Thomas King came to Canada almost by accident. In 1980 he wanted to start a new life for himself and his nine-year old son after the breakup of his marriage. An old friend from Alberta called to tell him about a teaching position at the University of Lethbridge. he said no at first, but several phone calls later, he found himself driving north from Utah to Alberta.

“We hit an incredible hailstorm on the way up, just before the Alberta border,” he recalls. “The hailstones were so big that we had to park under an overpass and wait it out.” It was a dramatic welcome to a country where King would eventually settle permanently. He now laughs at his son’s reaction to the intensity of the storm. “My son looked at me and said, ‘Just so we get this straight Dad. This was your idea.’”

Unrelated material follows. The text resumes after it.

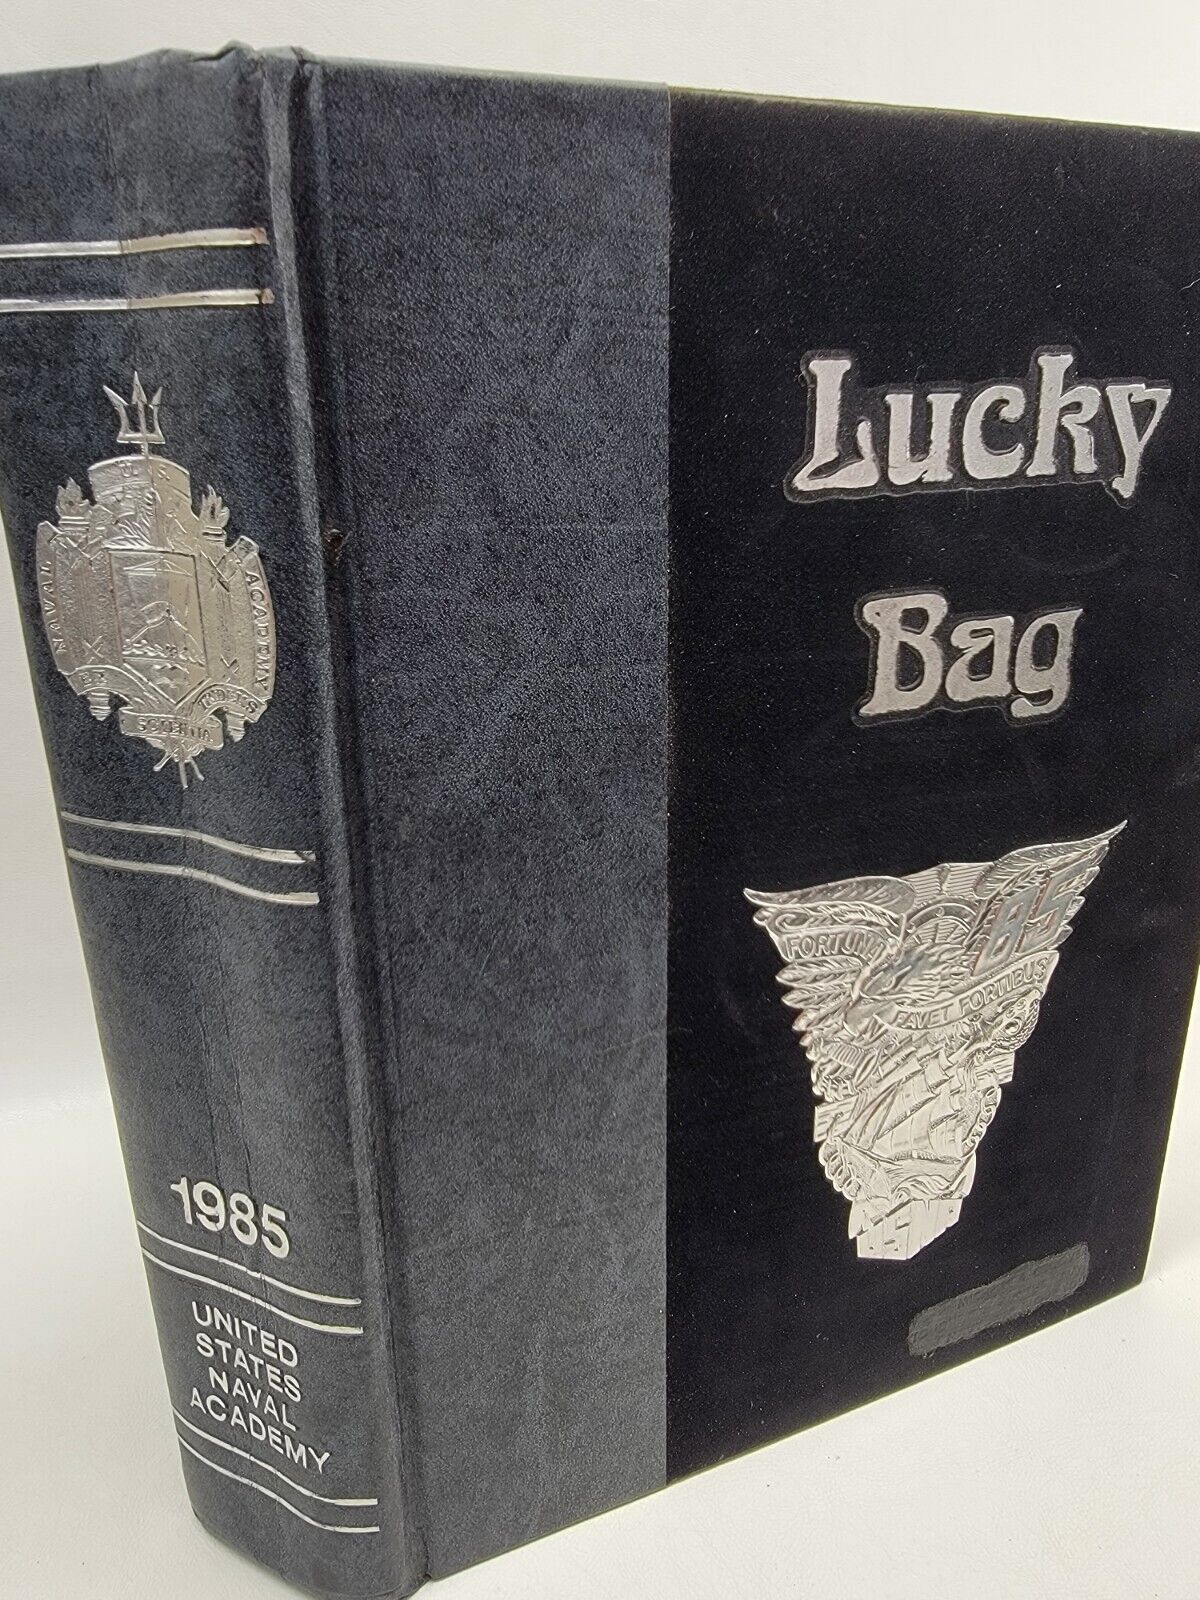 Vintage 1985 Lucky Bag Navy Naval Academy School Military Yearbook Collectible

Years later Thomas King, now a Canadian citizen, lives a world away from the sudden summer squalls and edge-of-the-planet vastness of the Alberta prairie that he called home for a decade.

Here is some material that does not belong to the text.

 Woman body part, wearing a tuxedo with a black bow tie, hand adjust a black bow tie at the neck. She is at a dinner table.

Outside the 1920s brick house he shares with his partner Helen and their two children in Guelph, Ontario, a cold spring rain slaps against the patio. Sitting at his kitchen table, cluttered with books, newspapers and photo albums, King tries to explain the hold the Prairies and the people he knew there still have on him. “All of my material, for the most part, is centred in that Albertan landscape and around that reserve life, that small-town life. For whatever reason, I found that stimulating, more so than I find the landscape of Southern Ontario, or in California, where I lived most of my youth. It feels as though you’re on the edge of almost a dangerous kind of place, on the edge of an anvil. It’s appealing. It’s as though you can see forever. If you go out past Edmonton, say, near the Yellowhead Tribal Council offices, you look out to the west and there are no signs of ownership. It’s not that there’s nothing. There’s everything.”

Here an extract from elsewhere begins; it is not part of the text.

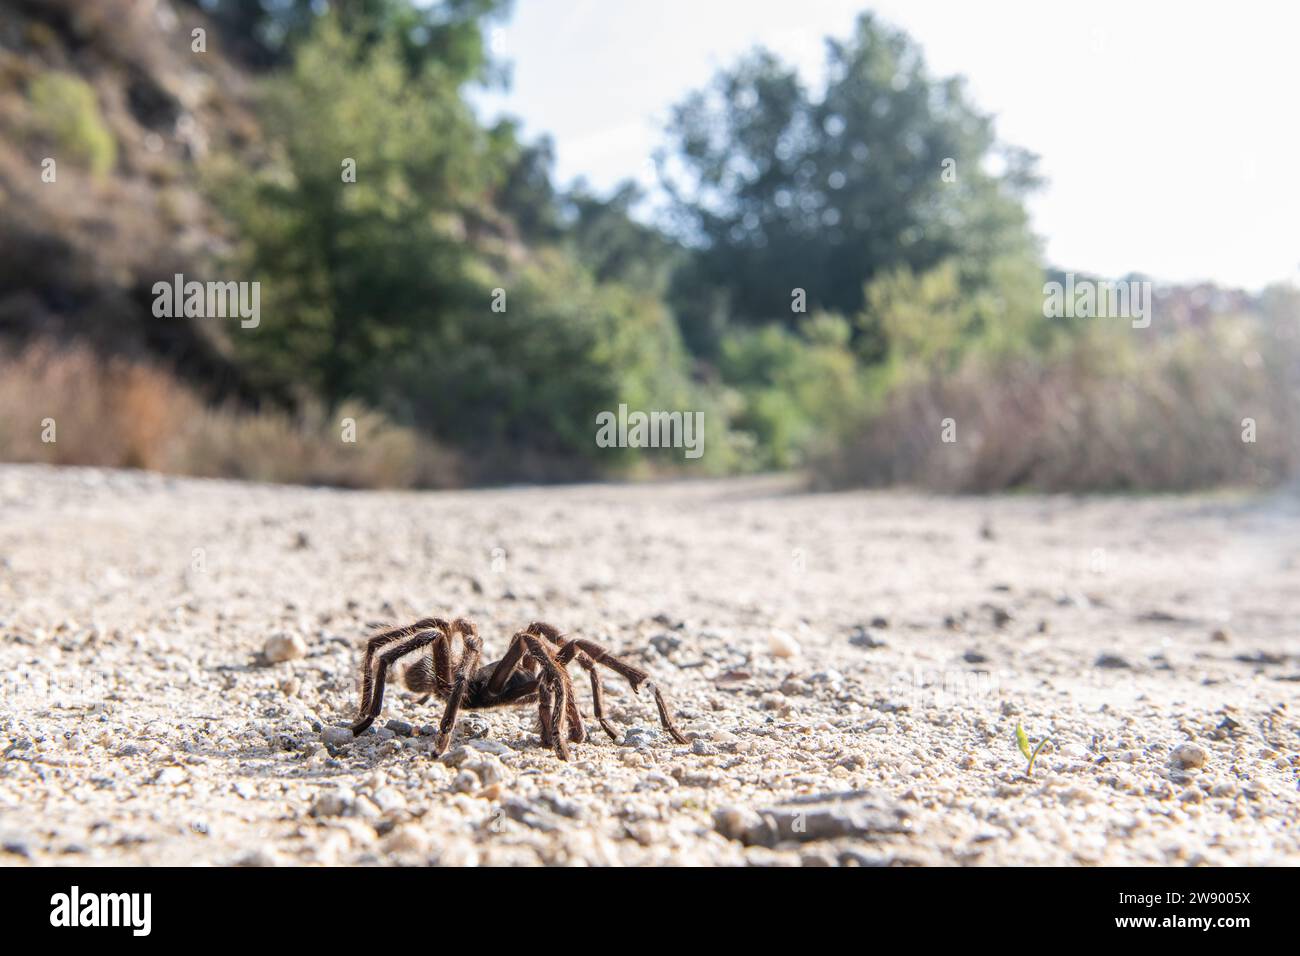 Male Desert Tarantula, Aphonopelma iodius, crossing a road during the spiders migration where they come into the open to look for mates in California. Stock Photo

It was while King was living in Alberta that he began to write and publish short fiction in literary magazines. His first novel, Medicine River, appeared in 1990, followed by Green Grass, Running Water and a collection of short stories, One Good Story, That One, in 1993. Not that literature – and especially Native literature – was foreign to him before moving to Canada. For his Ph.D. dissertation at the University of Utah, he explored Native oral tradition and contemporary fiction, and currently specializes in Native literature and creative writing as an associate professor at the University of Guelph.

His stories, organic in their movement between contemporary and aboriginal concepts of time and space, introduce the readers to the world of mythical animals from traditional aboriginal stories, trademark Native humour, and an aboriginal perspective on realism and values.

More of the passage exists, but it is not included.